[[ Supplied data open ]]
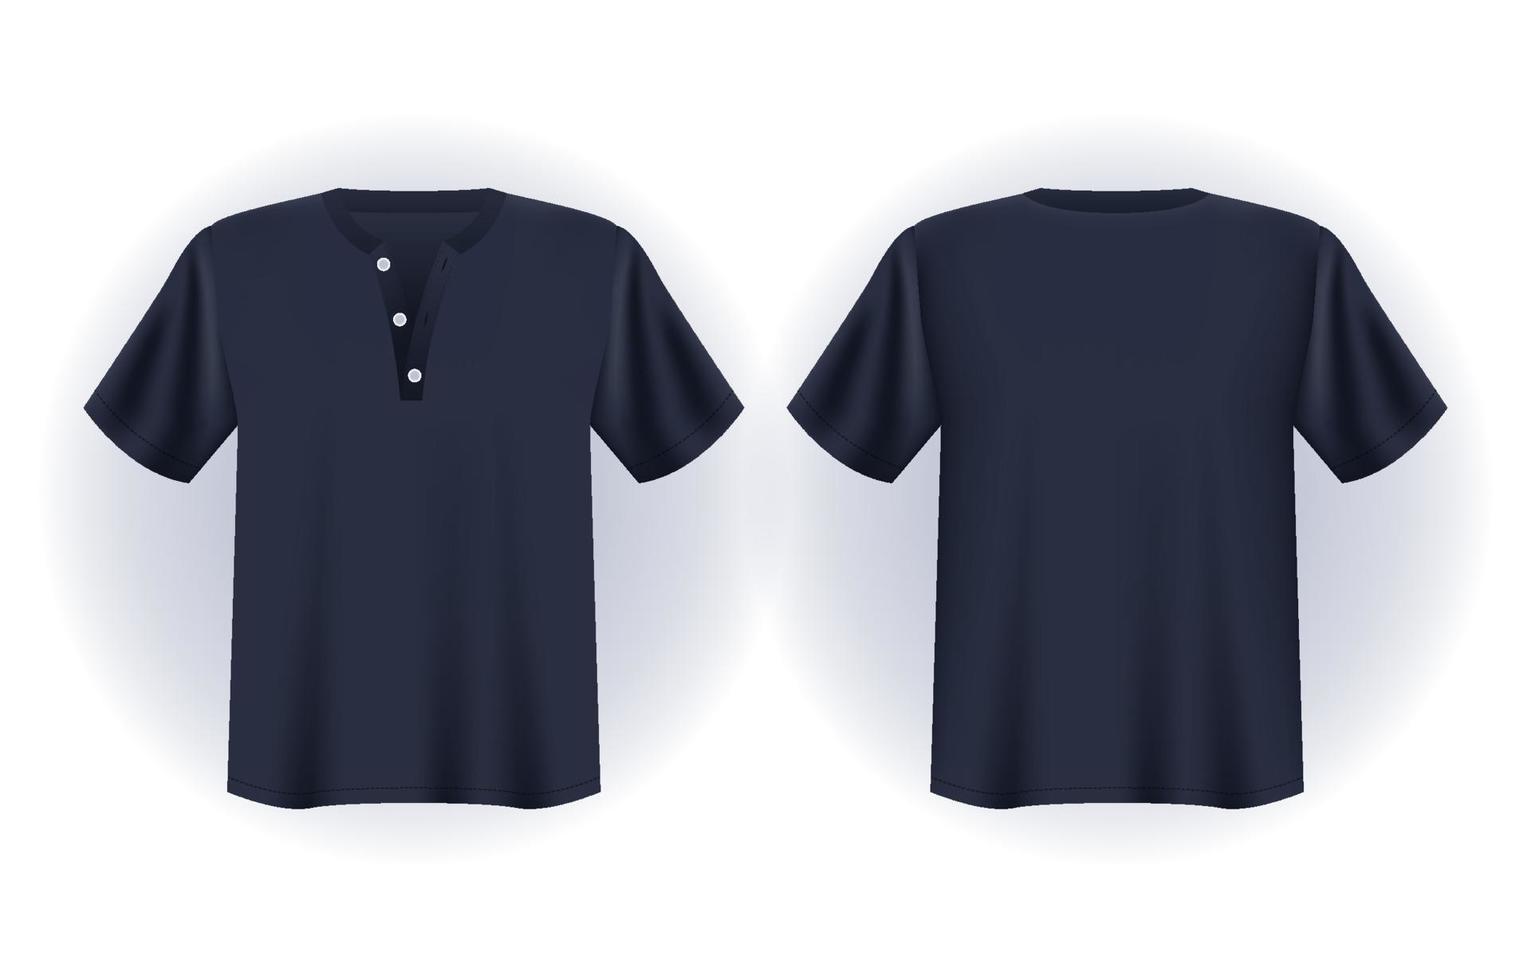 maquete de camiseta preta henley 3d vetor
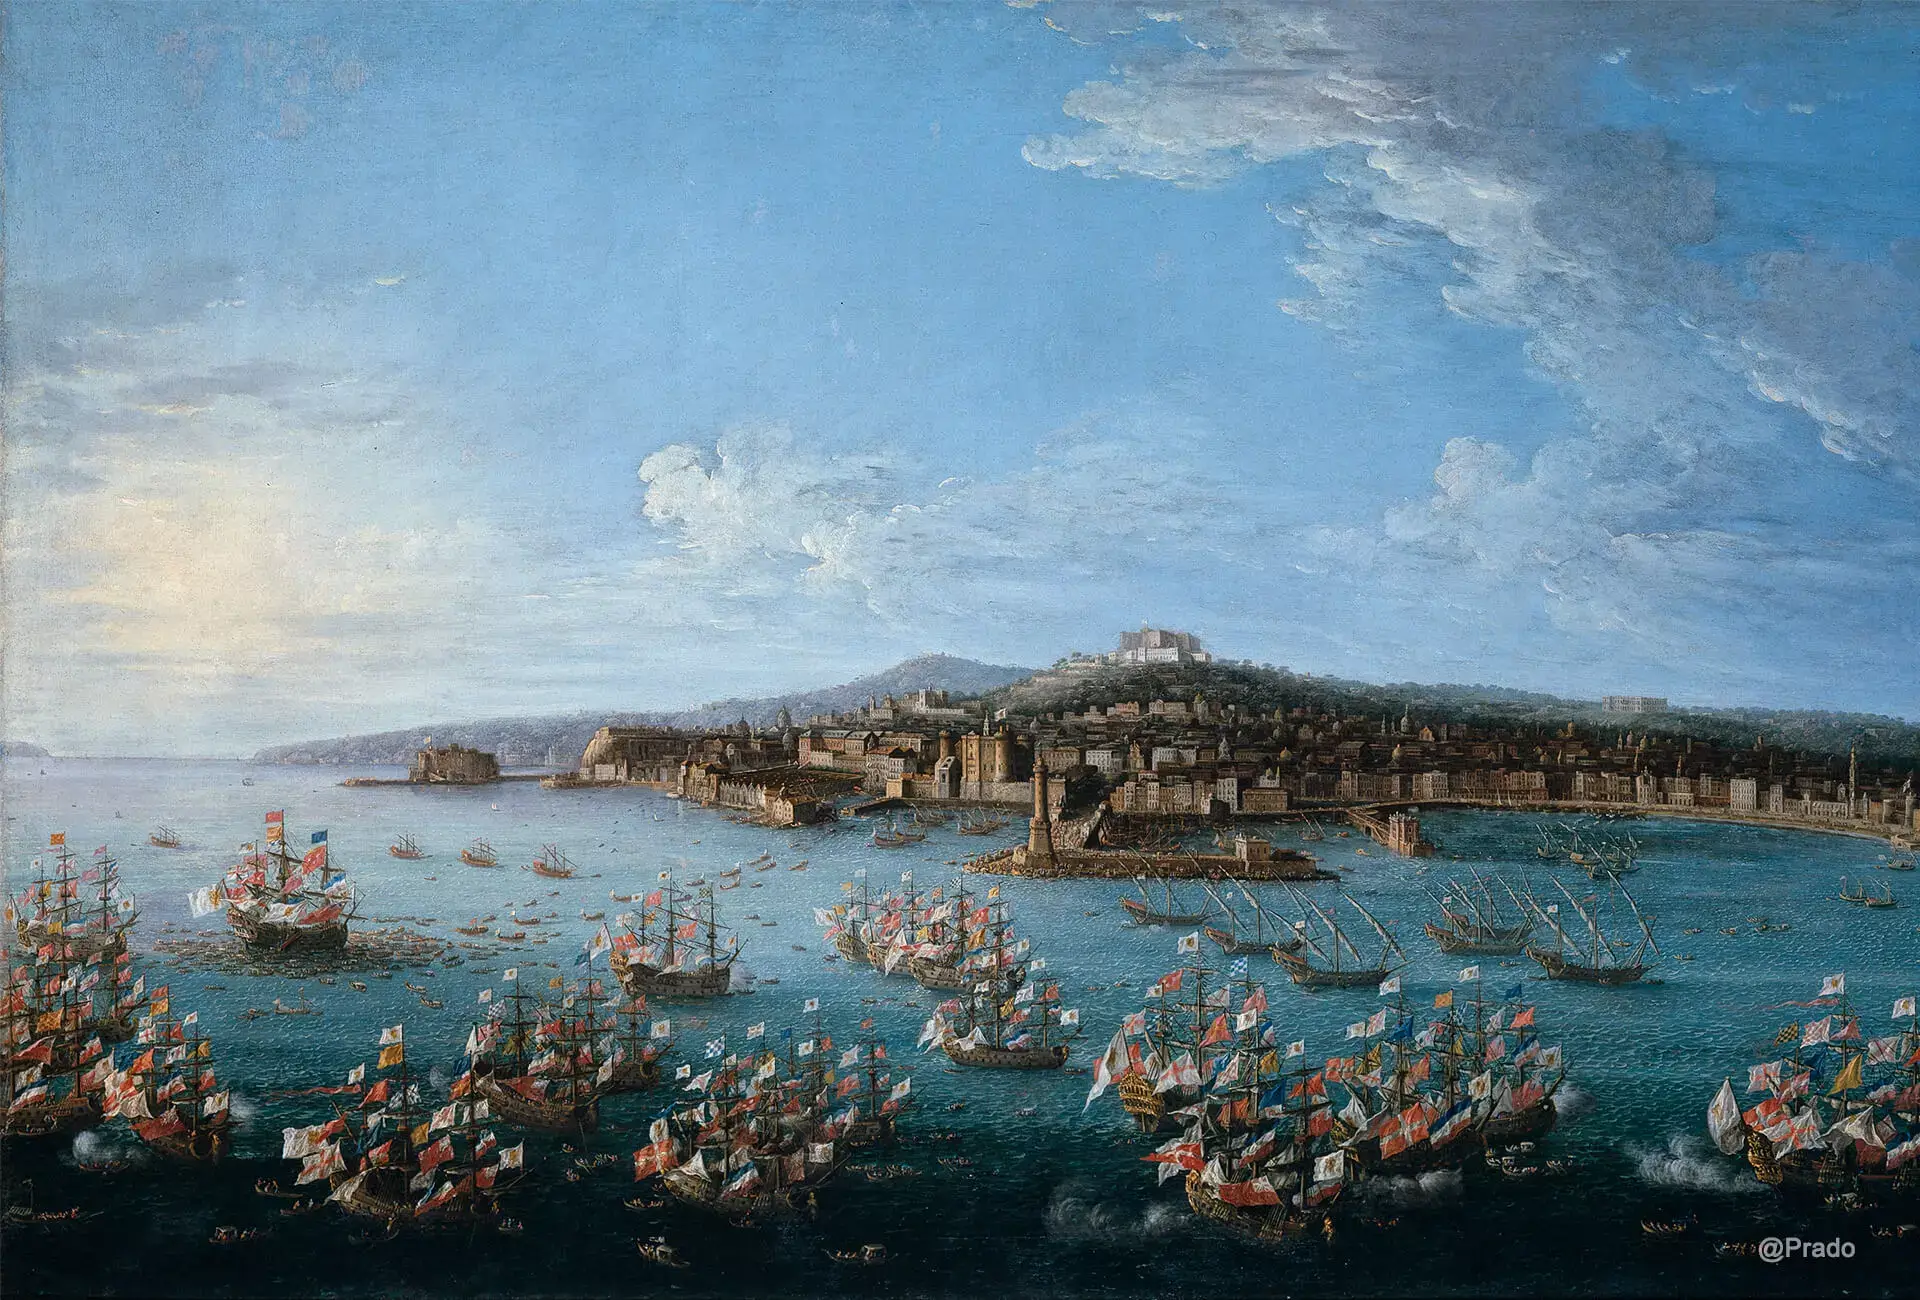 Antonio Joli Carlo Iii Abdica In Favore Di Ferdinando Lascia Napoli, Palace of Caserta Unofficial
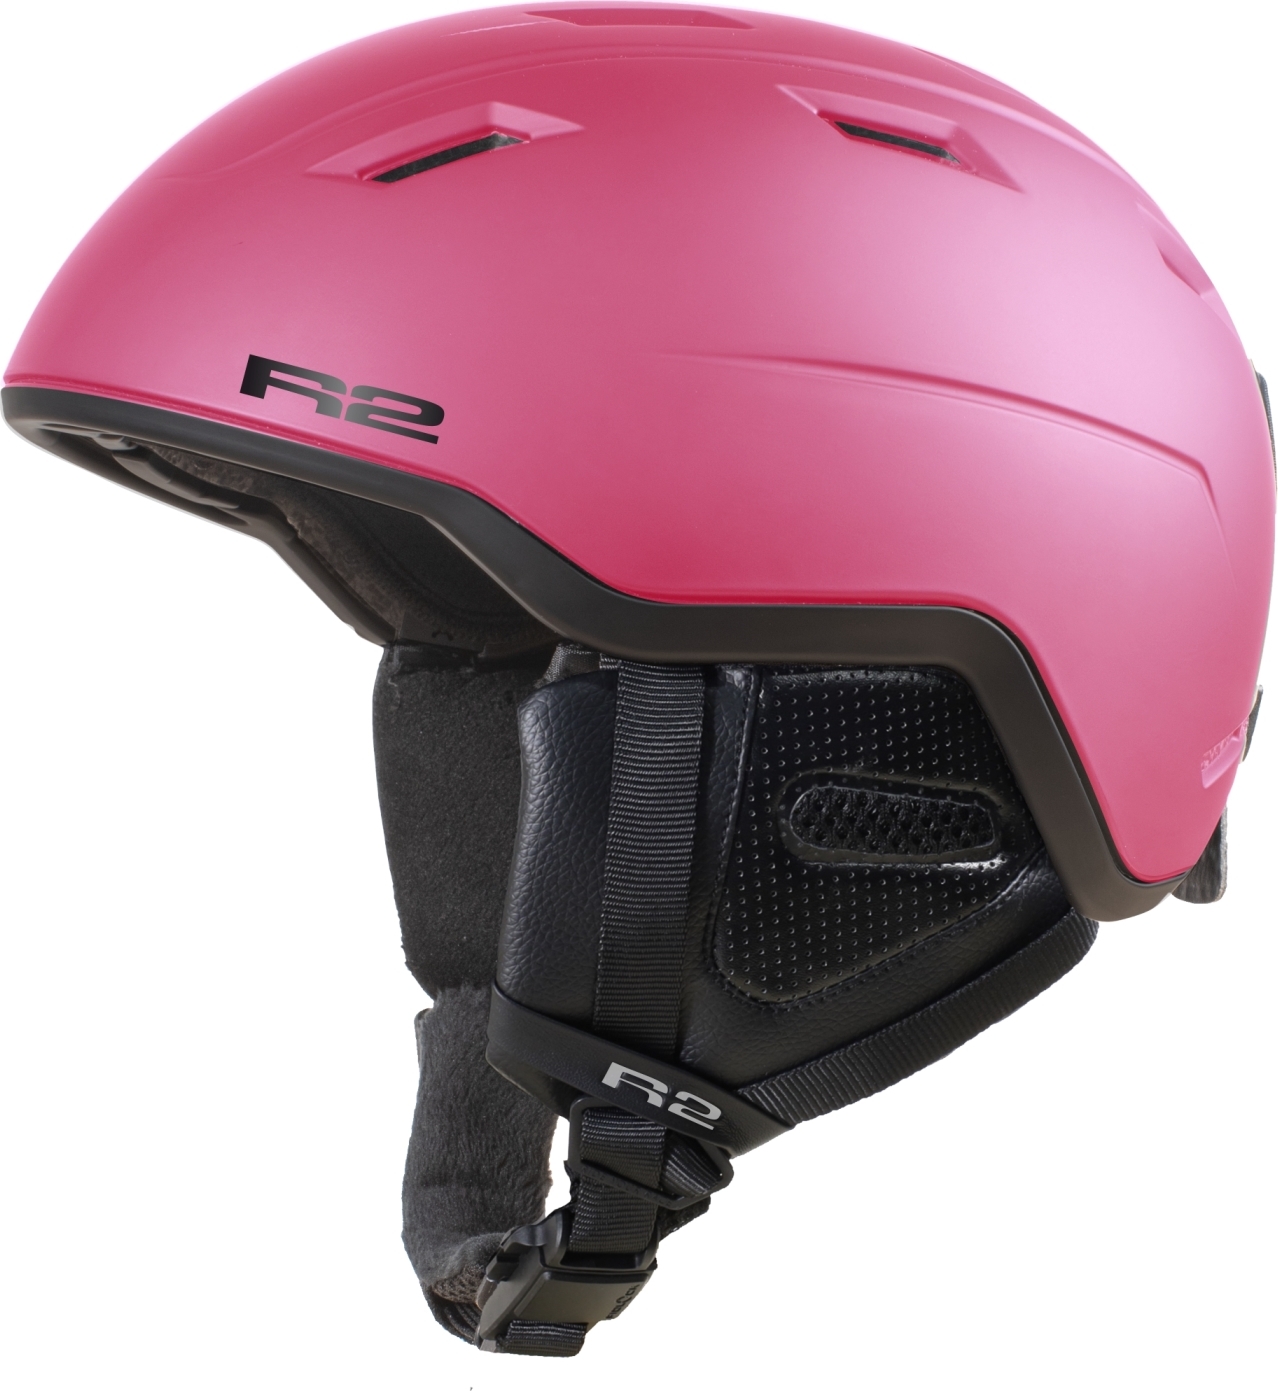 Unisex lyžařská helma R2 Irbis růžová Velikost: S/M
[[ Supplied data closed ]]
* **What is expected**:
Word for word, write out the full listing, leaving the pictures aside.

* **Response**:
 maquete de camiseta preta henley 3d vetor
 Antonio Joli Carlo Iii Abdica In Favore Di Ferdinando Lascia Napoli, Palace of Caserta Unofficial
 Unisex lyžařská helma R2 Irbis růžová Velikost: S/M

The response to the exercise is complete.